The long awaited American assistance began with covert information exchanges well before the United States entered the war in 1941.  Franklin D. Roosevelt gave Churchill secrets of MAGIC, the American code-breaking system which would later defeat the Imperial Japanese navy at Midway. In return, details about ULTRA and the Enigma intercepts were shared by Churchill with FDR. A massive undercover British operation at Rockefeller Center in New York City controlled joint intelligence exchanges.  U.S Army, Navy and civilian cryptanalysts were dispatched to Bletchley months before Pearl Harbor. One of them, William Friedman, America’s leading cryptanalyst, collaborated with Alan Turing, the English code breaking genius and inventor of modern digital computing.

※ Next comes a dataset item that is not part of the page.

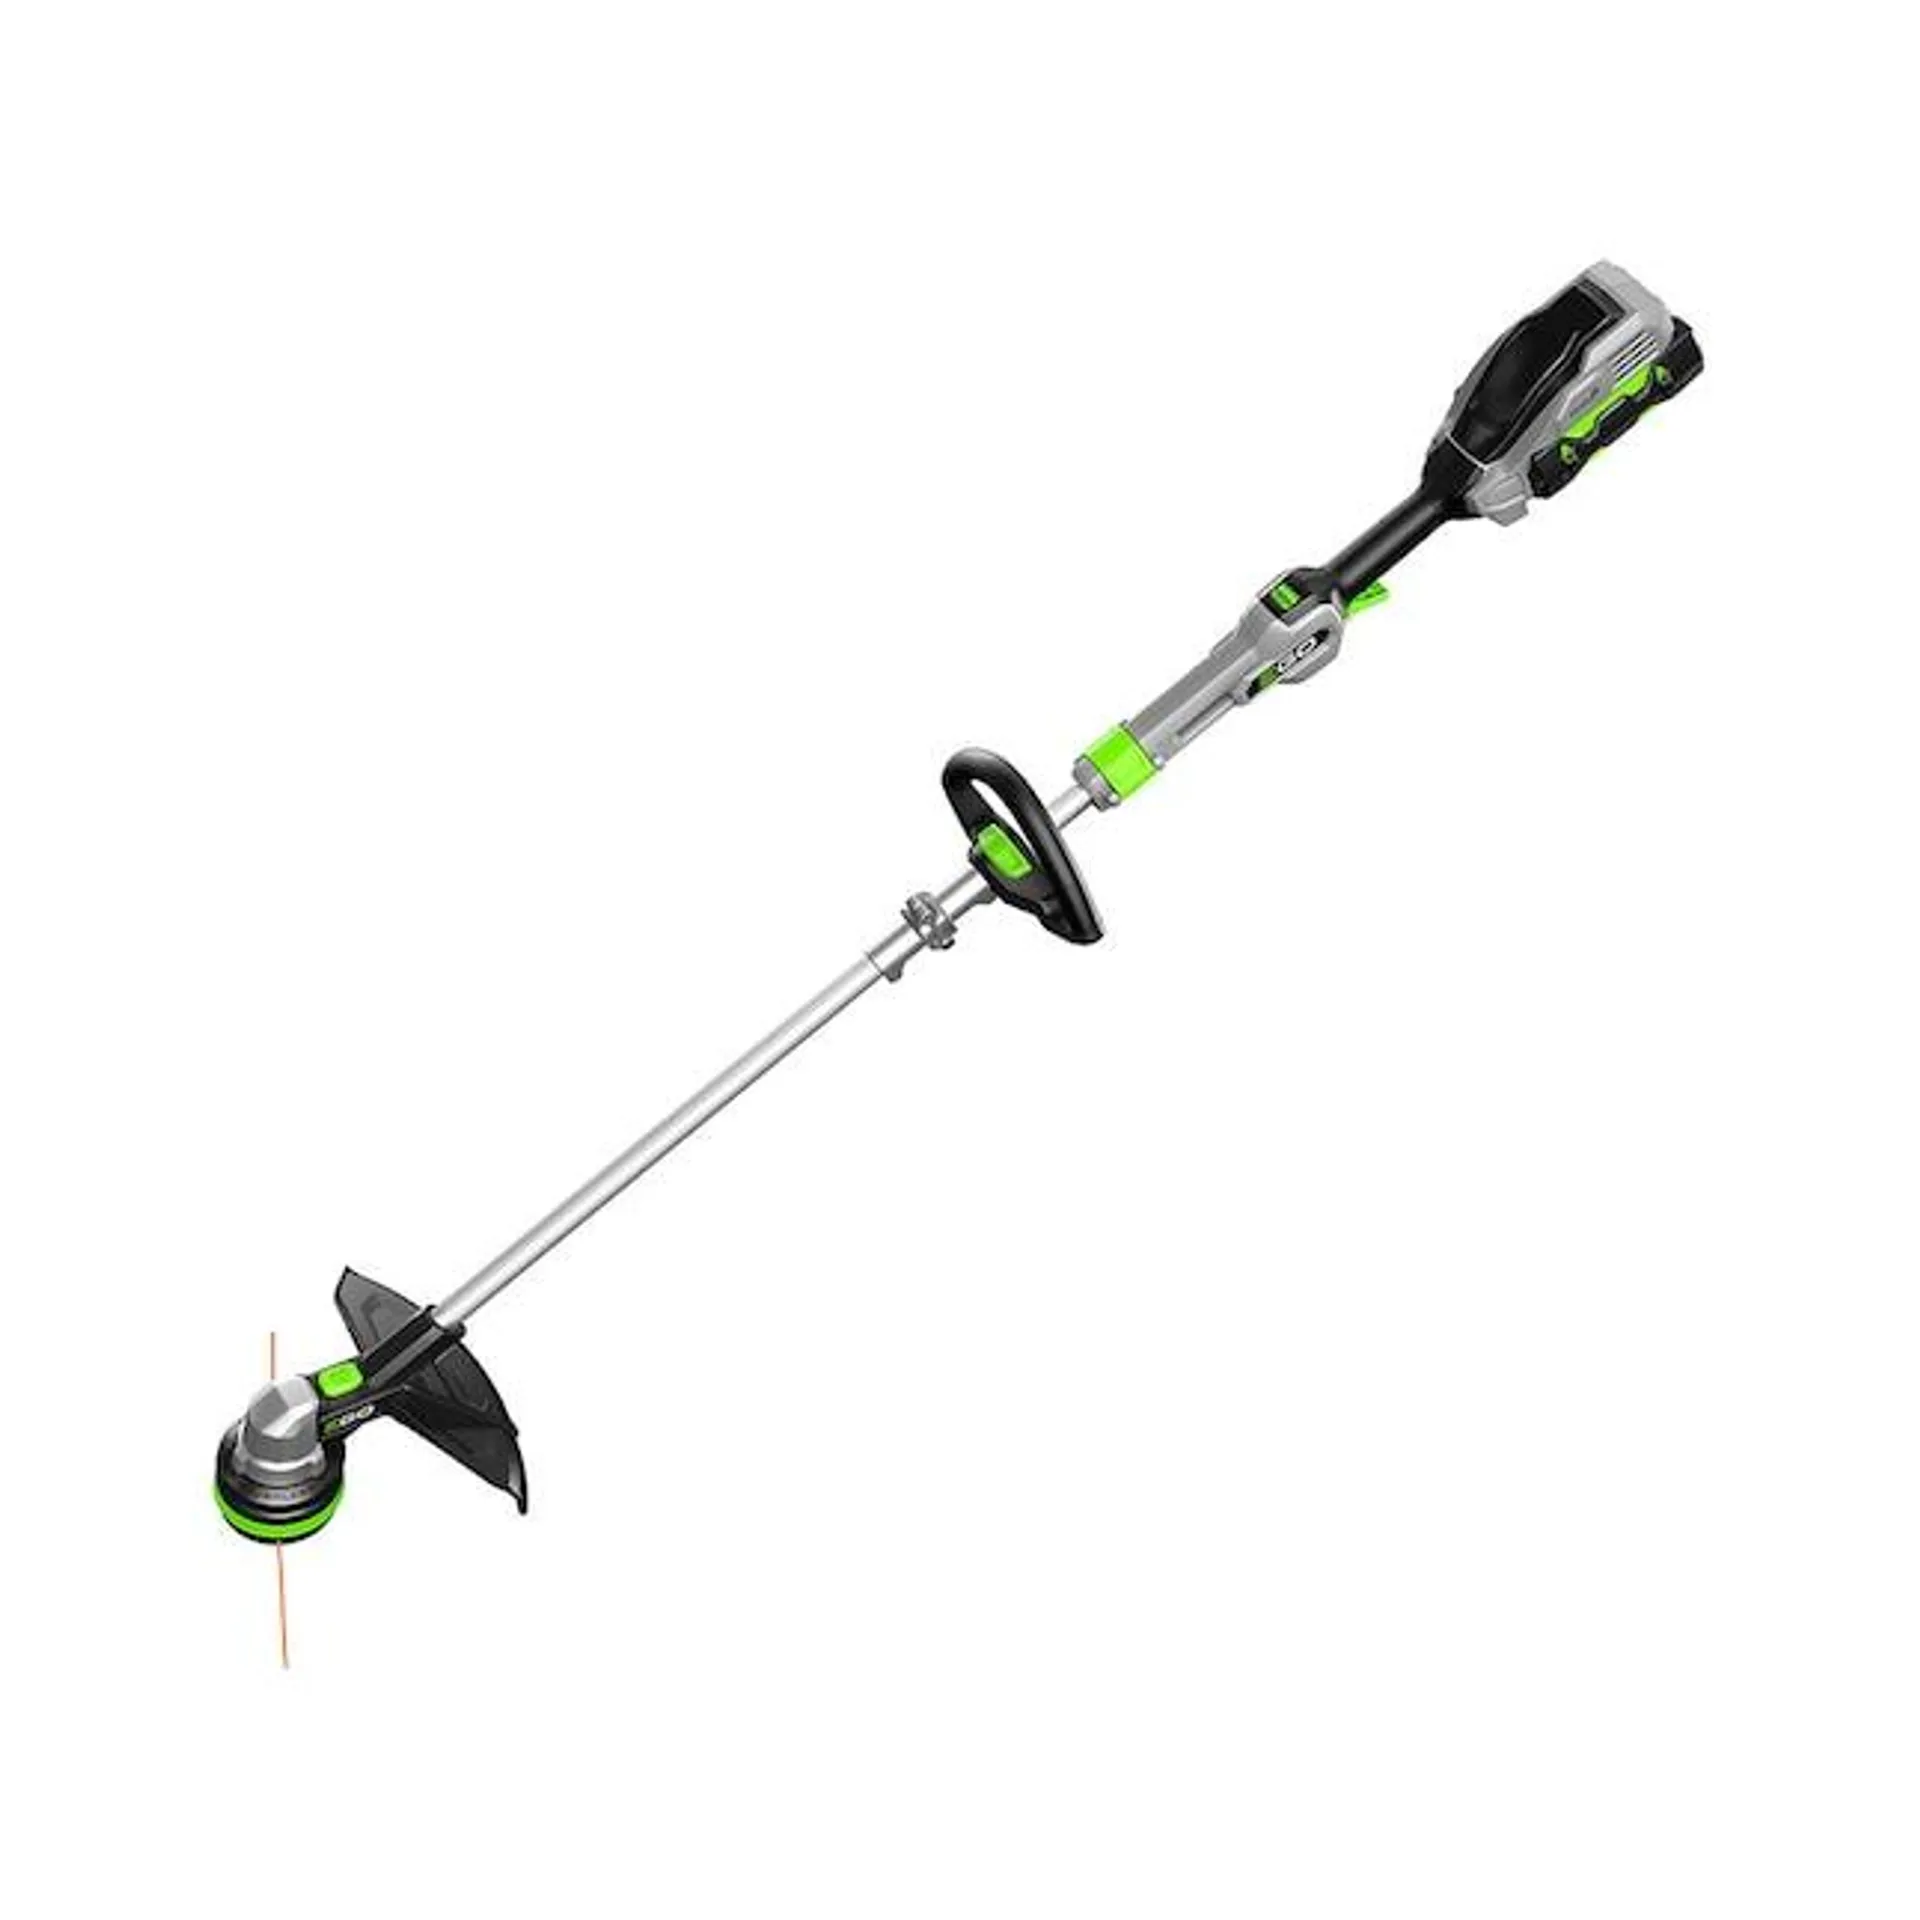 EGO POWERLOAD 56-volt 15-in Telescopic Shaft Battery String Trimmer 2.5 Ah (Battery and Charger Included)

The Ultra advantage changed the lives of millions who fought and unknown others affected by its global reach. By knowing the names of enemy units, their strength, exact location, order of battle, ammunition and fuel status, entire divisions were neutralized with minimal manpower effect. The breaking of the German Enigma naval code disclosed the specific grid locations of U-boat wolf packs and their refueling "milk cows." Convoys were diverted as North Atlantic ship losses dropped 75%. Even the operational depth of U-boats was learned - a crucial detail for attacking destroyers. Submarine losses reached unacceptable levels forcing redeployment to safer waters. Crucial cargo from North America safely reached diverse ports from Southampton to Murmansk. ULTRA became the silent partner in sinking the Bismarck, in victory at El Alamein, and decisively defeated the wolf-packs in the Battle of the Atlantic.  In planning Operation Overlord, strategists knew from ULTRA intercepts that Germany expected invasion at the Pas de Calais.  By using the ruse of a fictitious army commanded by a very real General George Patton, nineteen German divisions were thus removed from the battle. 

 

When Patton’s U.S. Third Army began the race from Normandy across France, it was guided by daily and often hourly briefings from Ultra intelligence. Almost all of the decrypts were hand delivered by specially trained soldiers.  And resulting from its understanding of the German high command's intentions and strategy, Ultra eliminated the crucial element of surprise.

 

With the war over Churchill ordered the destruction of all the code breaking machines into "pieces no larger than a man's hand." The Bletchley mansion was shuttered, the staff discharged and the huts emptied and boarded up. The ULTRA secret became decades of ultra silence, destined to expire with its high priests and practitioners.

 

The brilliant mathematician Alan Turing was a homosexual. While homosexuality was a criminal offense in England during the war it was ignored during his tenure at Bletchley Park. After the war a male prostitute he had taken to his home one night broke into his house for the purpose of burglary. When the break in was reported to the police and the perpetrator apprehended it Turning’s homosexuality became public knowledge. He was arrested and forced to take female hormone treatments and began to develop breasts. He fell into a great depression and committed suicide by ingesting cyanide. He had injected the poison into an apple of which he took a few bites. The police found a partial eaten apple at the scene of his death. Today some people claim the Steve Jobs, one of the founders of the Apple Computer, used the partial eaten apple as a logo for his company in honor of Turing, who many claim was the father of the modern computer.